• TASK PROMPT:
Exclude the pictures and reproduce the remaining data exactly as written.
[DATA PROVIDED]
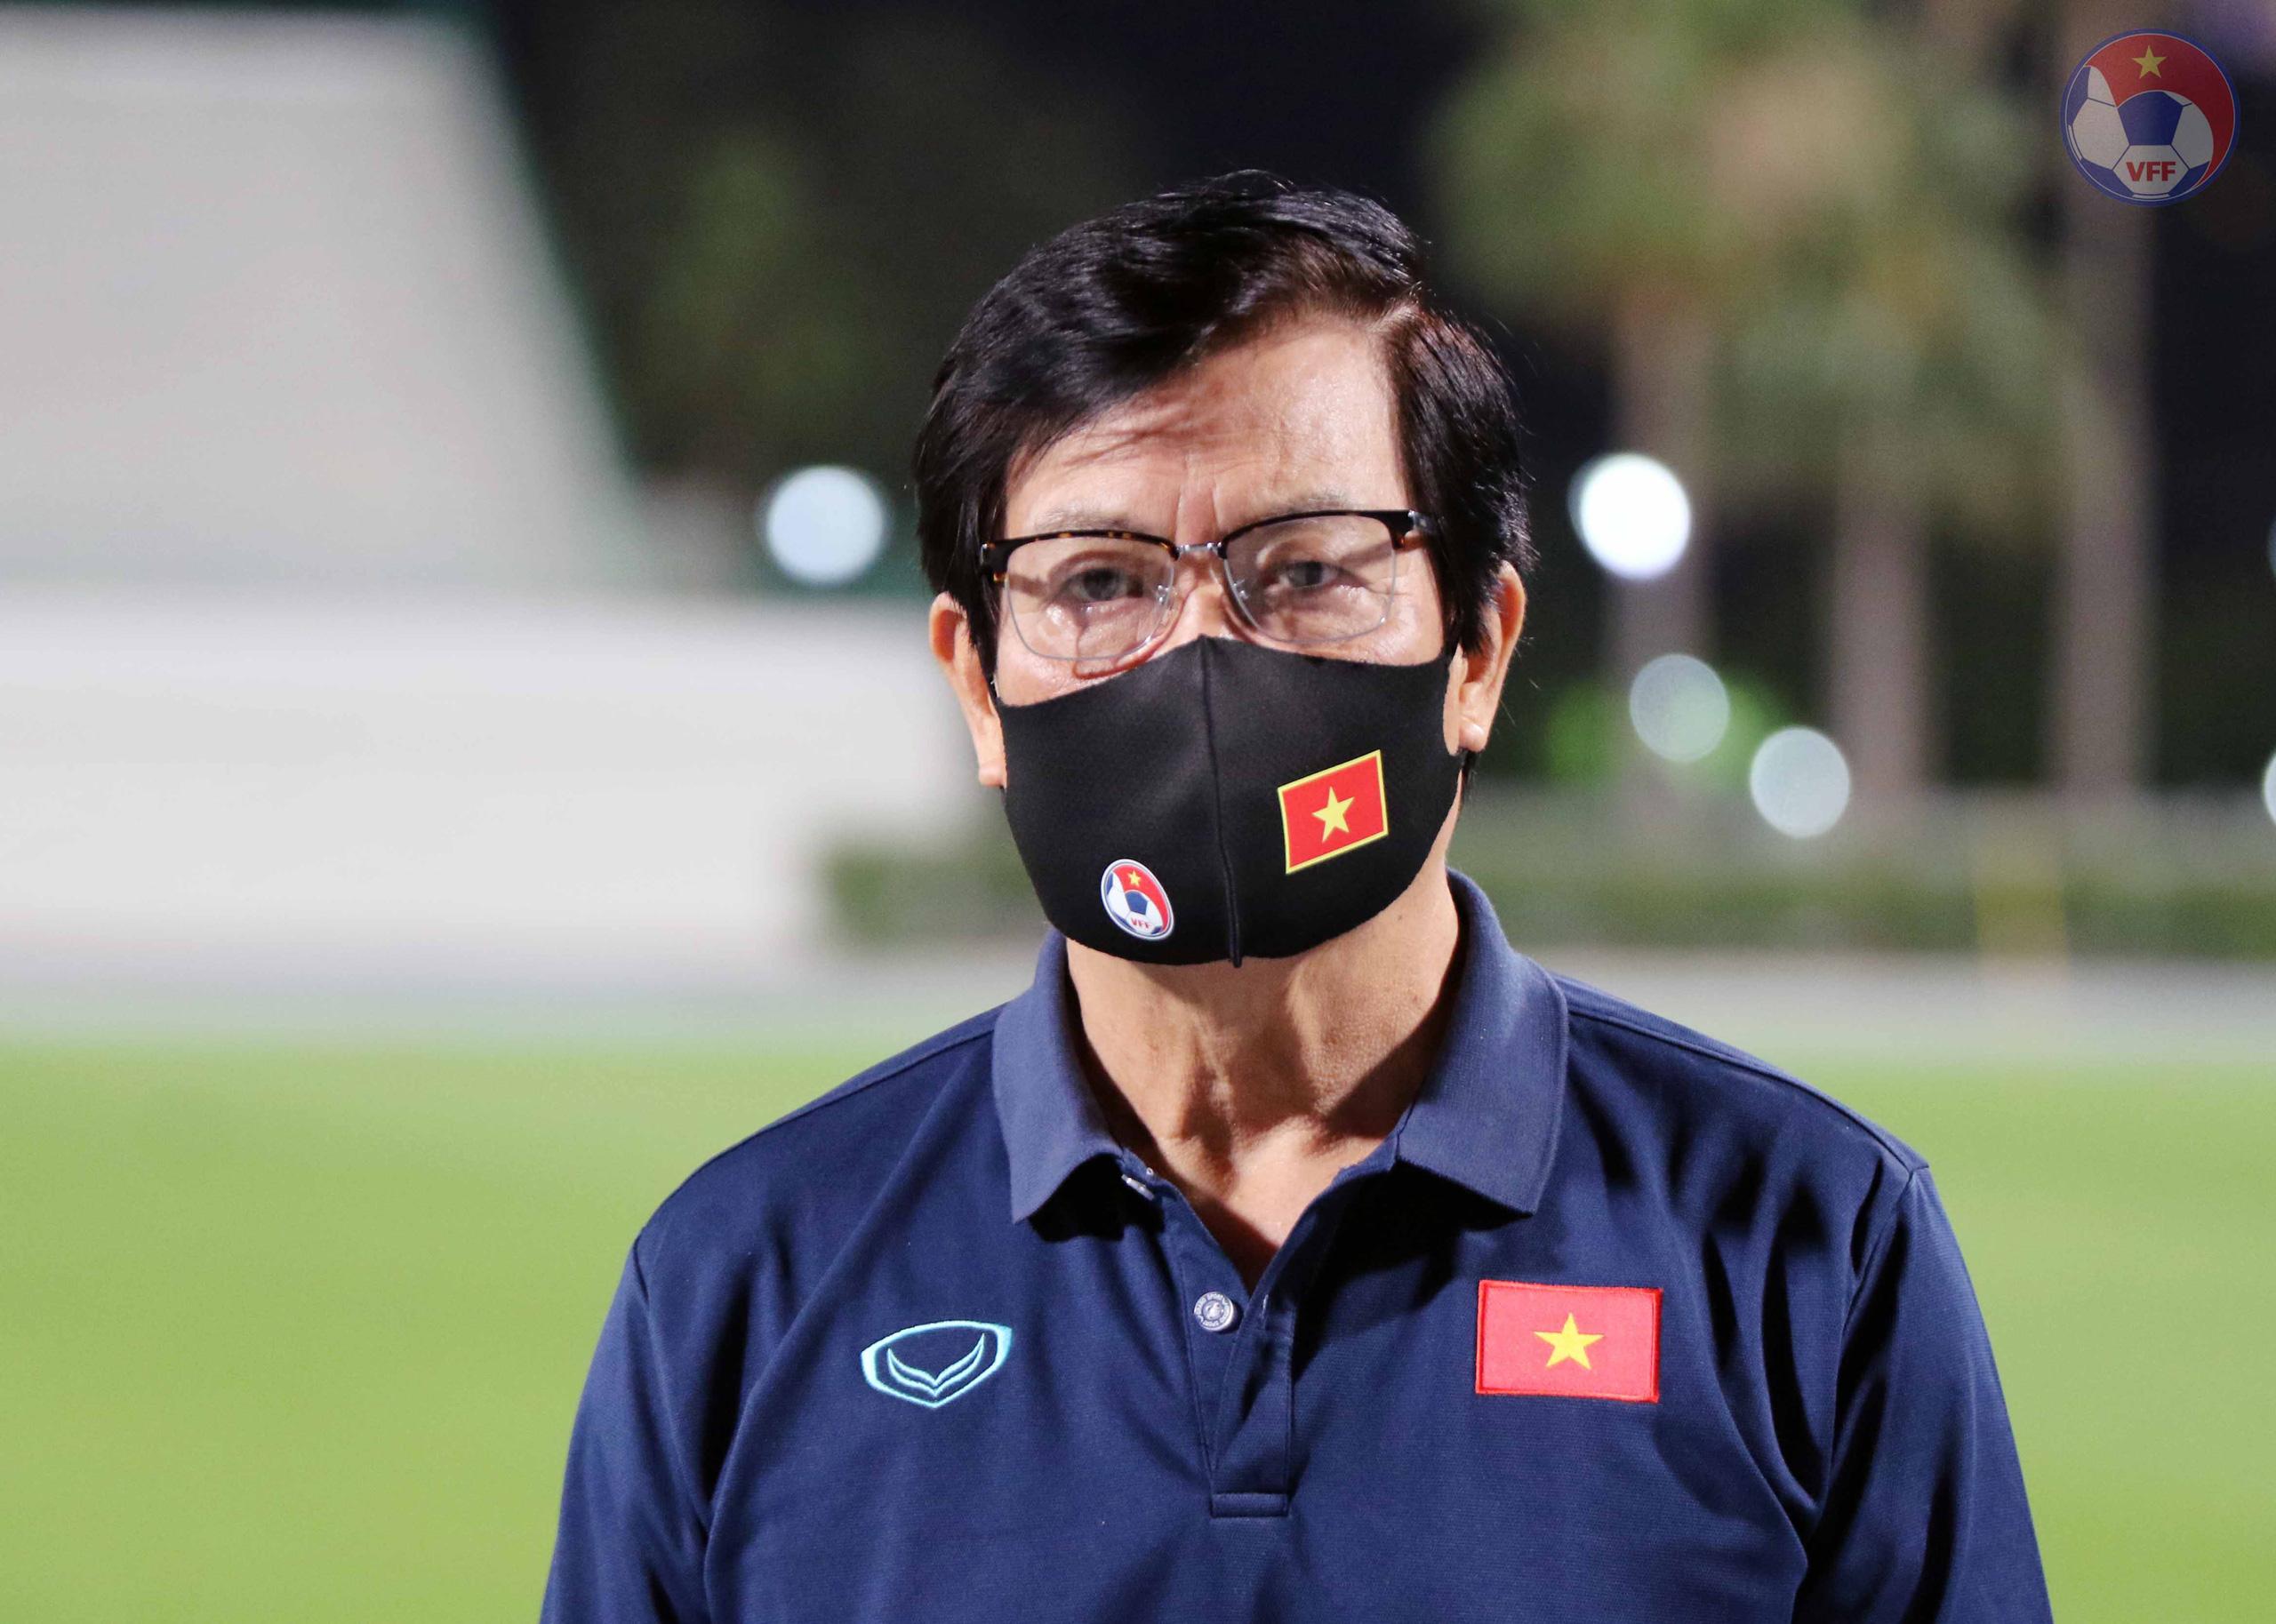 ĐT Việt Nam tại UAE: 3 tuyển thủ phải tập riêng - Ảnh 4.
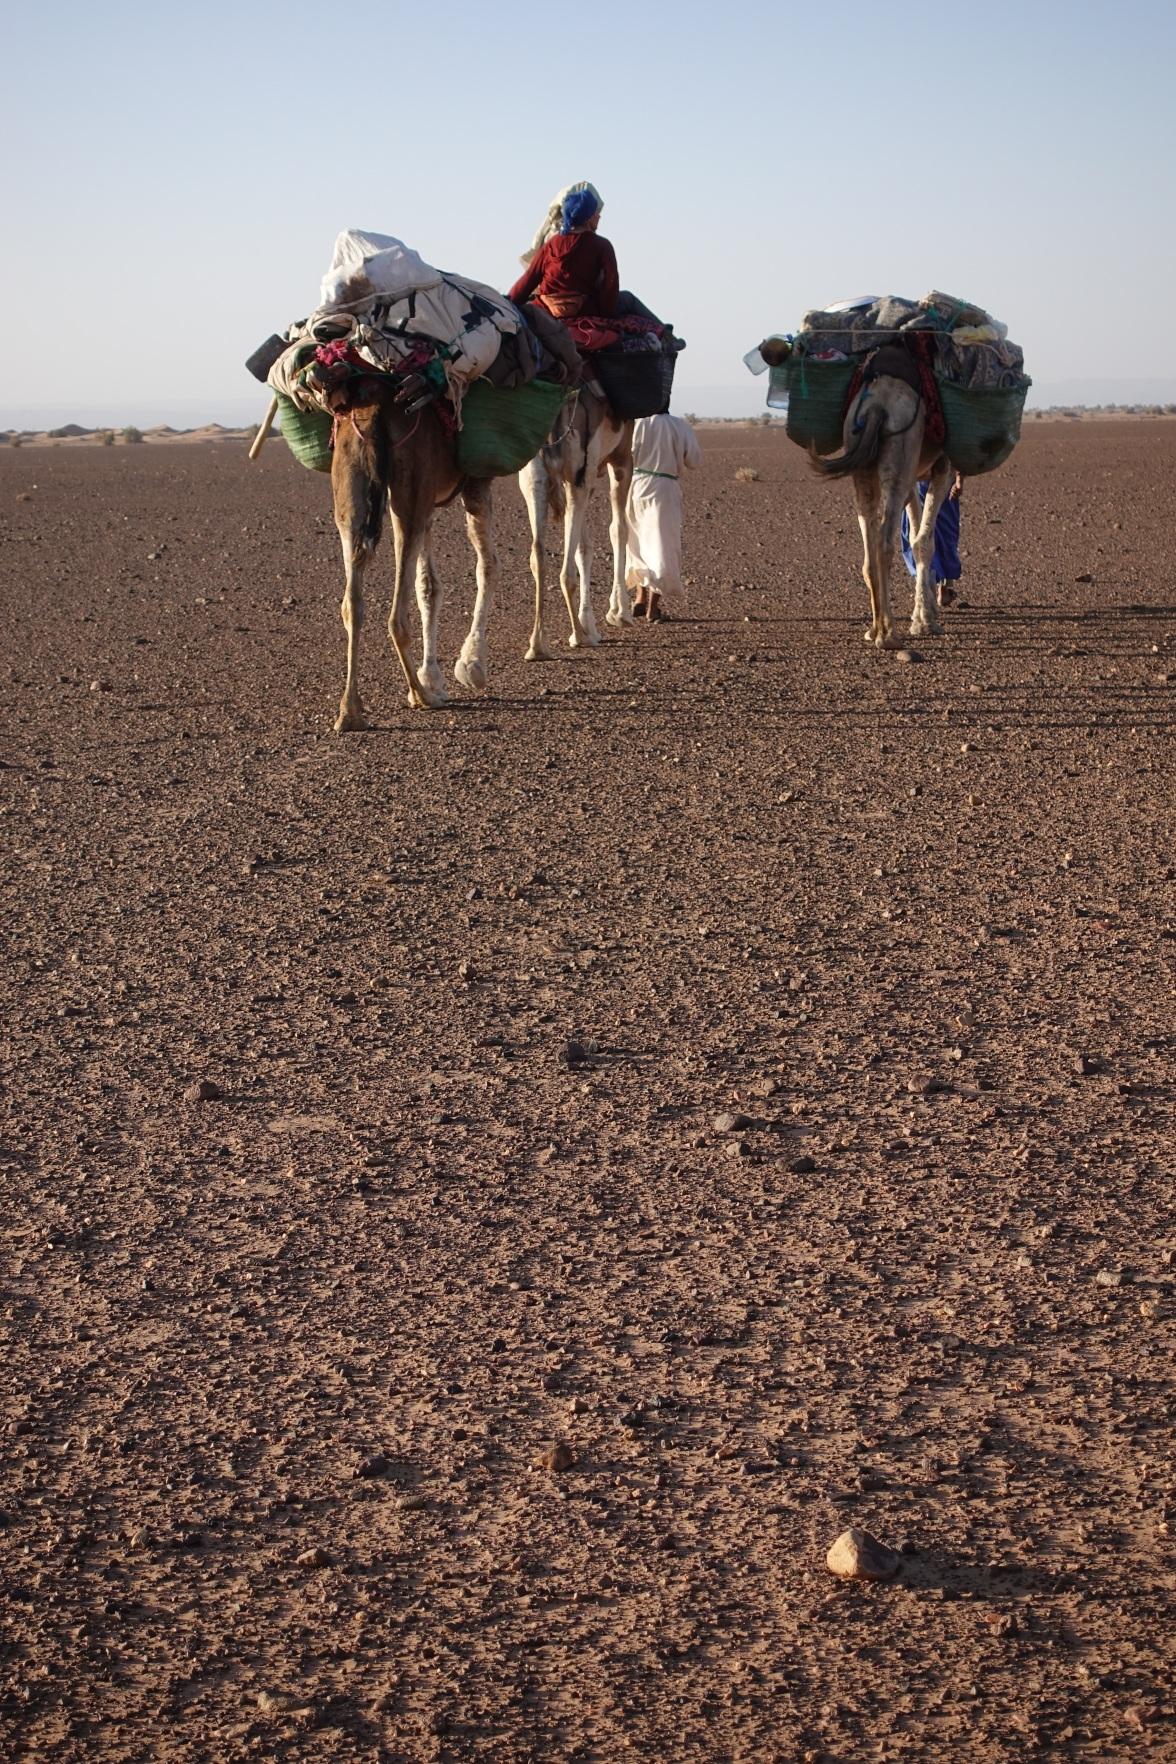 Sahara, Mhamid, Morocco
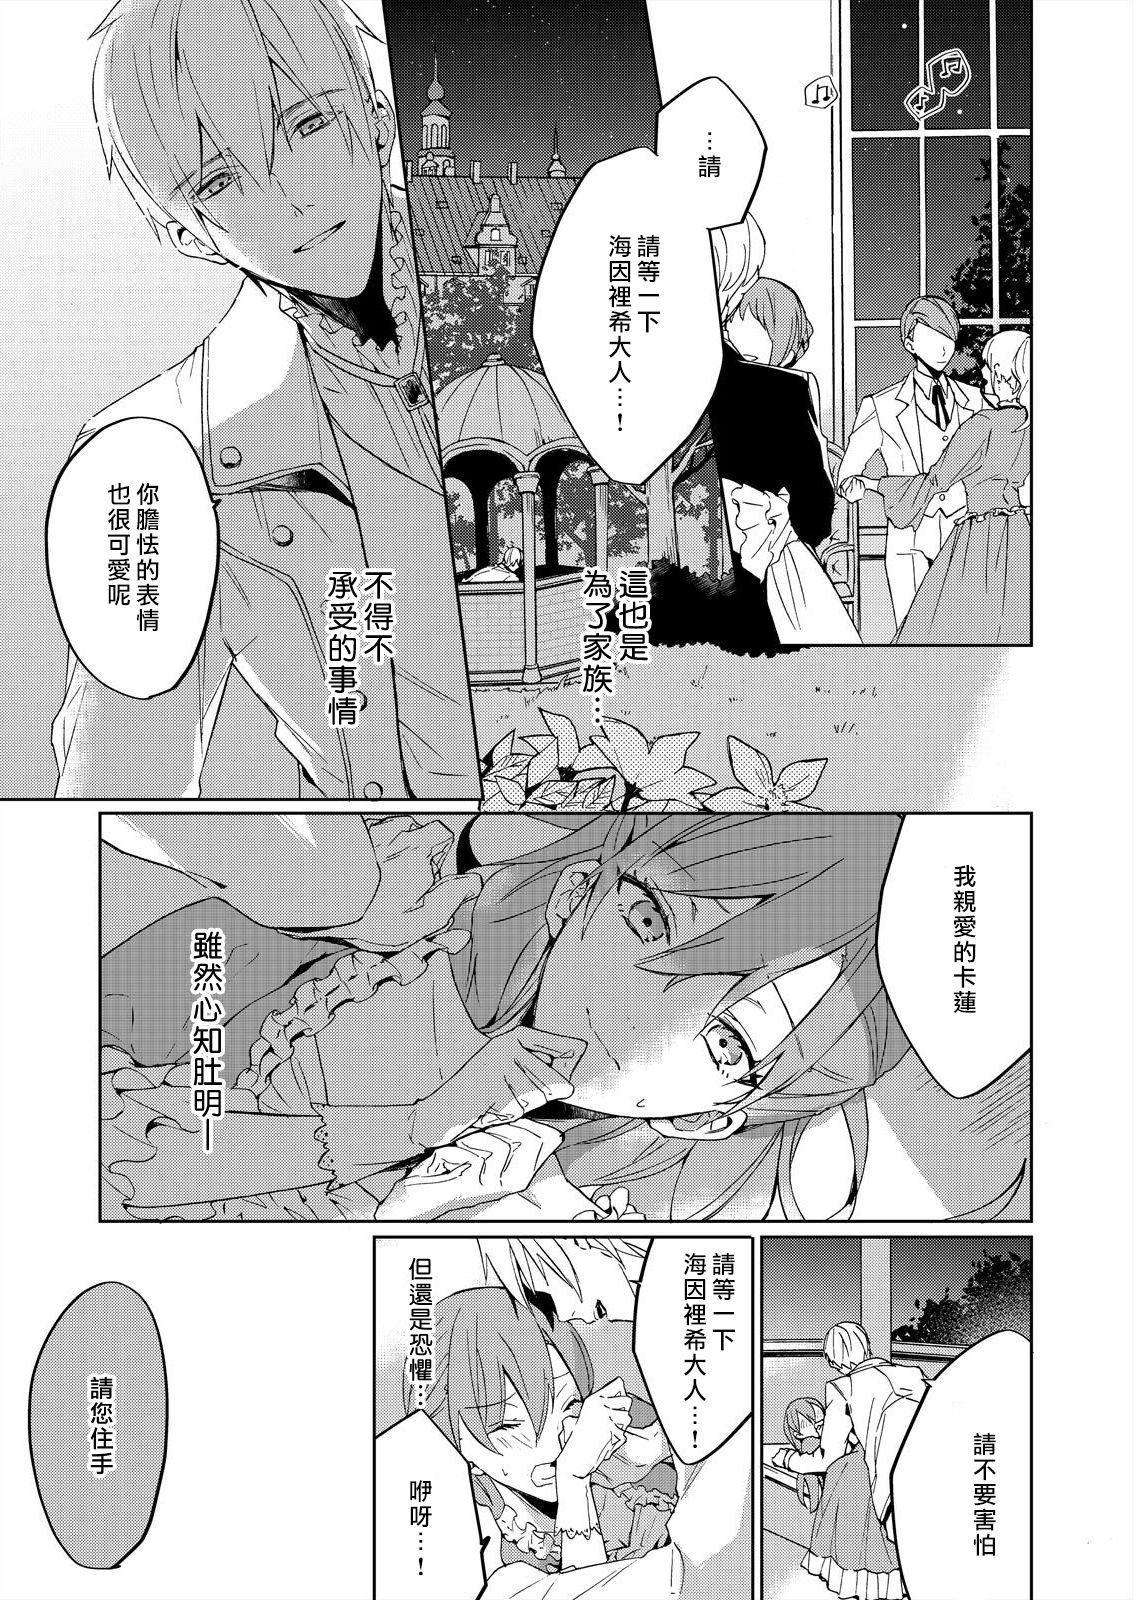 [Yuzushiwo] Akuyaku Reijou wa Ichizu ni Dekiai sarete ~Noumitsu Sex no Aite wa Juuboku~ | 被疯狂溺爱的反派大小姐~浓密性爱对象是仆从~ 1-5 [Chinese] [莉赛特汉化组] 2
[/DATA PROVIDED]
• RESULT OF THIS TASK:
 ĐT Việt Nam tại UAE: 3 tuyển thủ phải tập riêng - Ảnh 4.
 Sahara, Mhamid, Morocco
 [Yuzushiwo] Akuyaku Reijou wa Ichizu ni Dekiai sarete ~Noumitsu Sex no Aite wa Juuboku~ | 被疯狂溺爱的反派大小姐~浓密性爱对象是仆从~ 1-5 [Chinese] [莉赛特汉化组] 2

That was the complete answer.